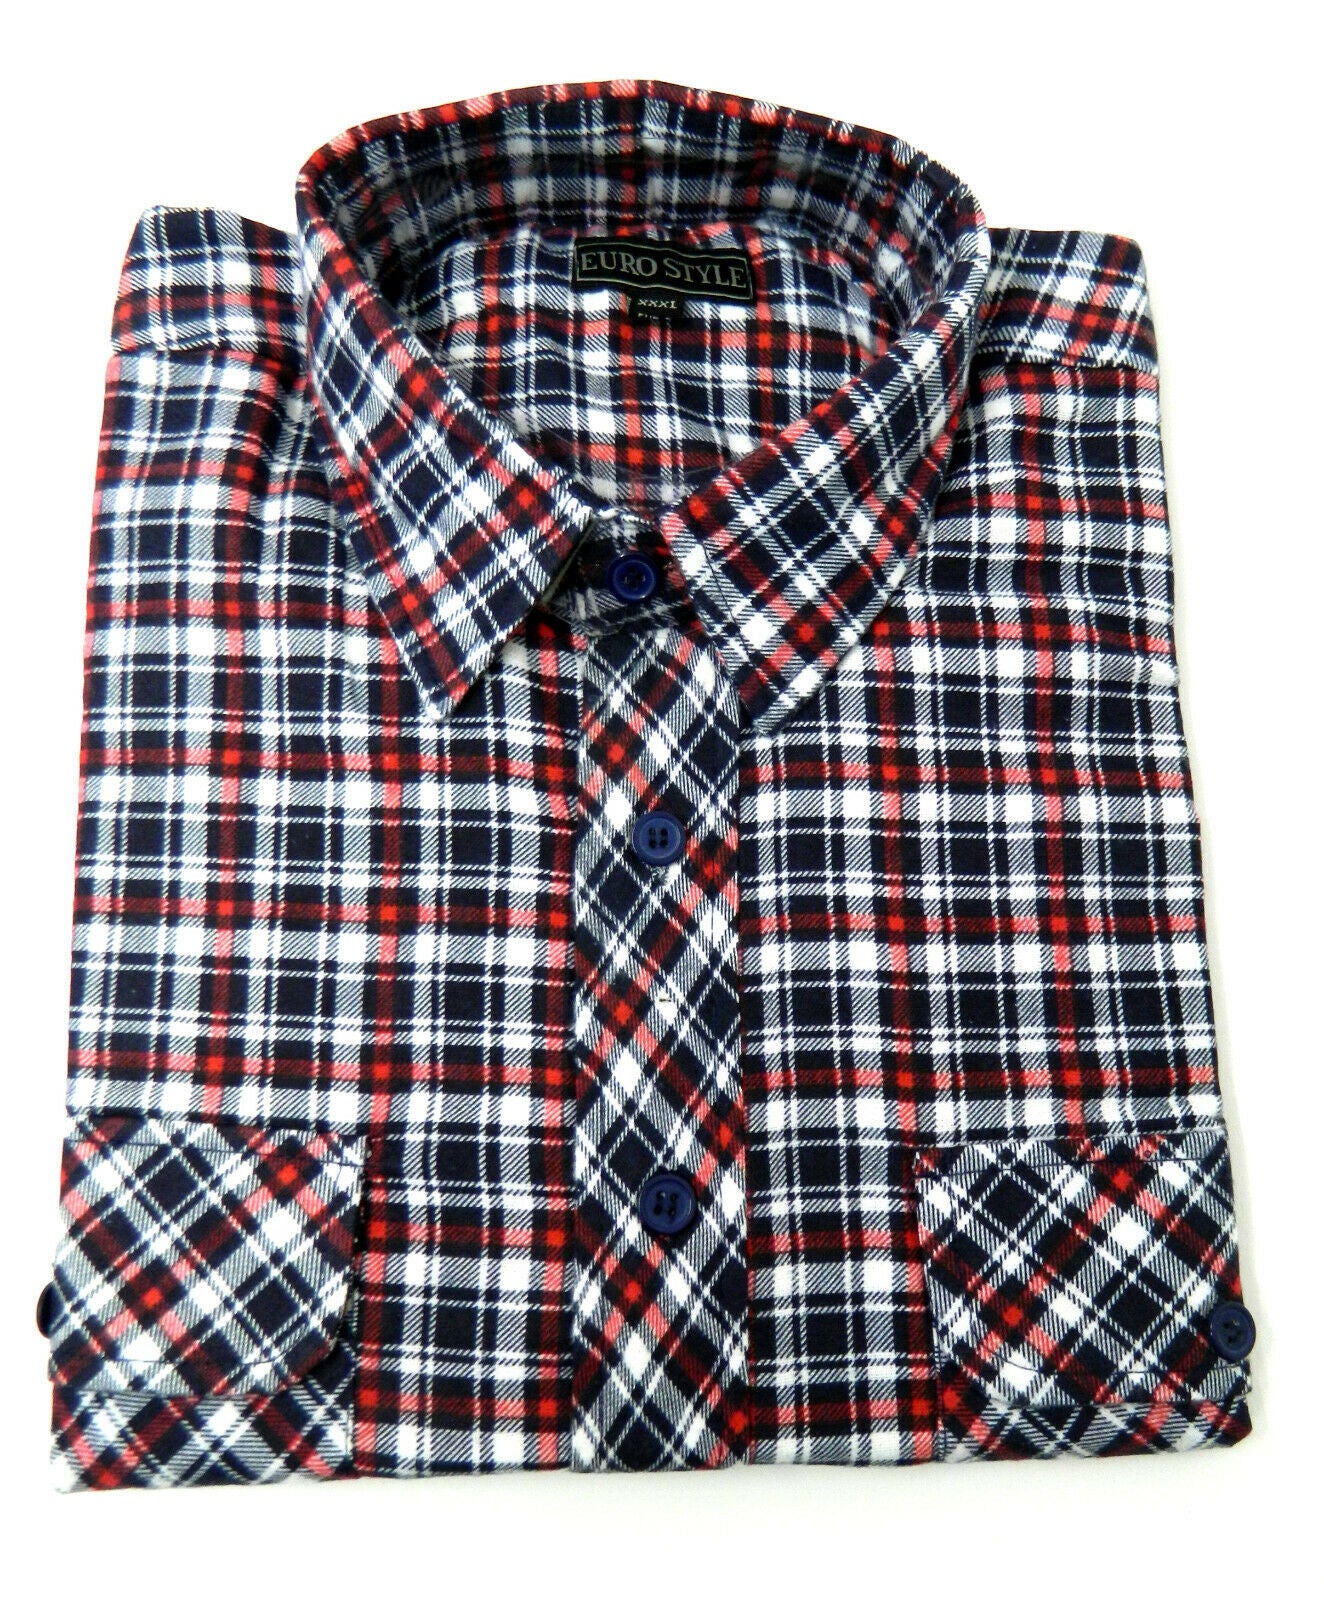 Men's Lumberjack Flannel Shirt In Small Red & Navy Check.
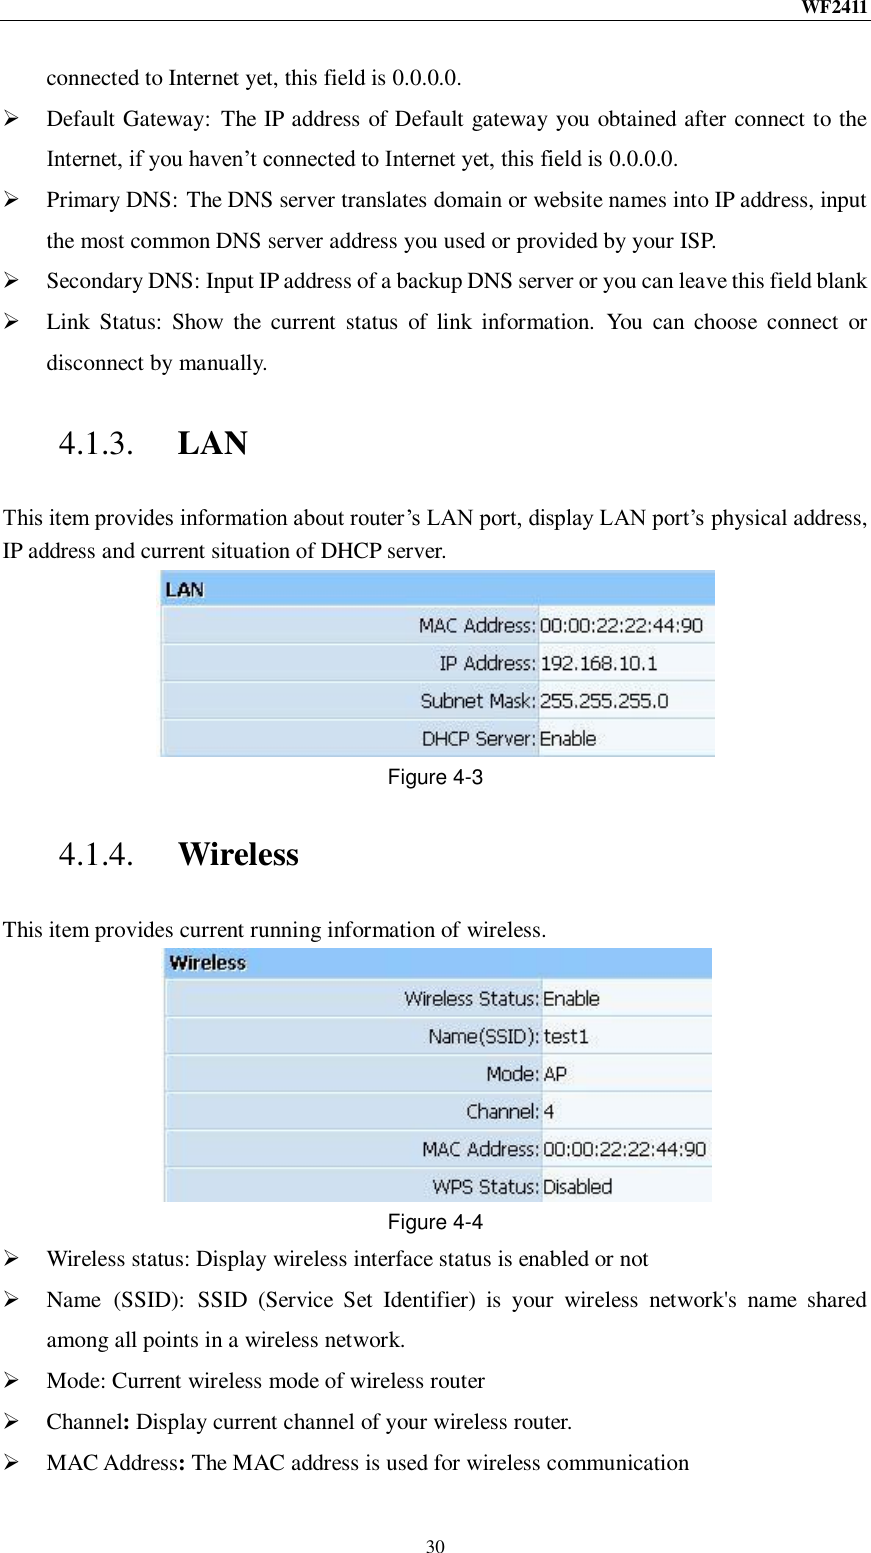 WF2411  30 connected to Internet yet, this field is 0.0.0.0.  Default Gateway:  The IP address of Default gateway you obtained after connect to the Internet, if you haven‟t connected to Internet yet, this field is 0.0.0.0.  Primary DNS: The DNS server translates domain or website names into IP address, input the most common DNS server address you used or provided by your ISP.  Secondary DNS: Input IP address of a backup DNS server or you can leave this field blank  Link  Status:  Show  the  current  status  of  link  information.  You  can  choose  connect  or disconnect by manually. 4.1.3. LAN This item provides information about router‟s LAN port, display LAN port‟s physical address, IP address and current situation of DHCP server.  Figure 4-3 4.1.4. Wireless This item provides current running information of wireless.  Figure 4-4  Wireless status: Display wireless interface status is enabled or not  Name  (SSID):  SSID  (Service  Set  Identifier)  is  your  wireless  network&apos;s  name  shared among all points in a wireless network.  Mode: Current wireless mode of wireless router    Channel: Display current channel of your wireless router.  MAC Address: The MAC address is used for wireless communication 
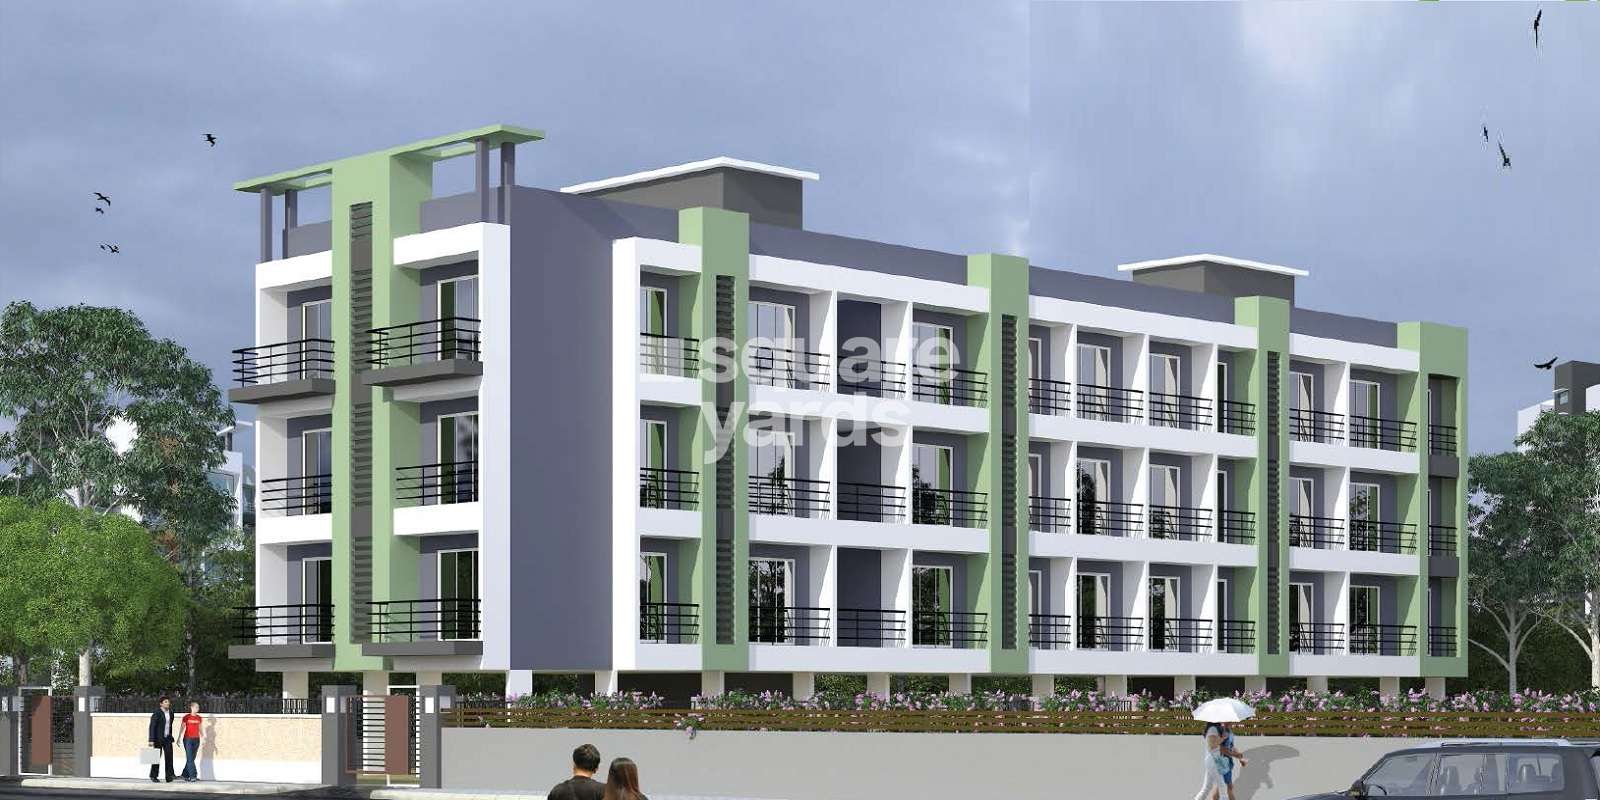 Riddhi Siddhi Apartments Karjat Cover Image

## ACTIVITY
Give back the material word for word and drop the pictures it holds.

## FINISHED EXERCISE
 Men's Lumberjack Flannel Shirt In Small Red & Navy Check.
 WF2411  30 connected to Internet yet, this field is 0.0.0.0.  Default Gateway:  The IP address of Default gateway you obtained after connect to the Internet, if you haven‟t connected to Internet yet, this field is 0.0.0.0.  Primary DNS: The DNS server translates domain or website names into IP address, input the most common DNS server address you used or provided by your ISP.  Secondary DNS: Input IP address of a backup DNS server or you can leave this field blank  Link  Status:  Show  the  current  status  of  link  information.  You  can  choose  connect  or disconnect by manually. 4.1.3. LAN This item provides information about router‟s LAN port, display LAN port‟s physical address, IP address and current situation of DHCP server.  Figure 4-3 4.1.4. Wireless This item provides current running information of wireless.  Figure 4-4  Wireless status: Display wireless interface status is enabled or not  Name  (SSID):  SSID  (Service  Set  Identifier)  is  your  wireless  network&apos;s  name  shared among all points in a wireless network.  Mode: Current wireless mode of wireless router    Channel: Display current channel of your wireless router.  MAC Address: The MAC address is used for wireless communication 
 Riddhi Siddhi Apartments Karjat Cover Image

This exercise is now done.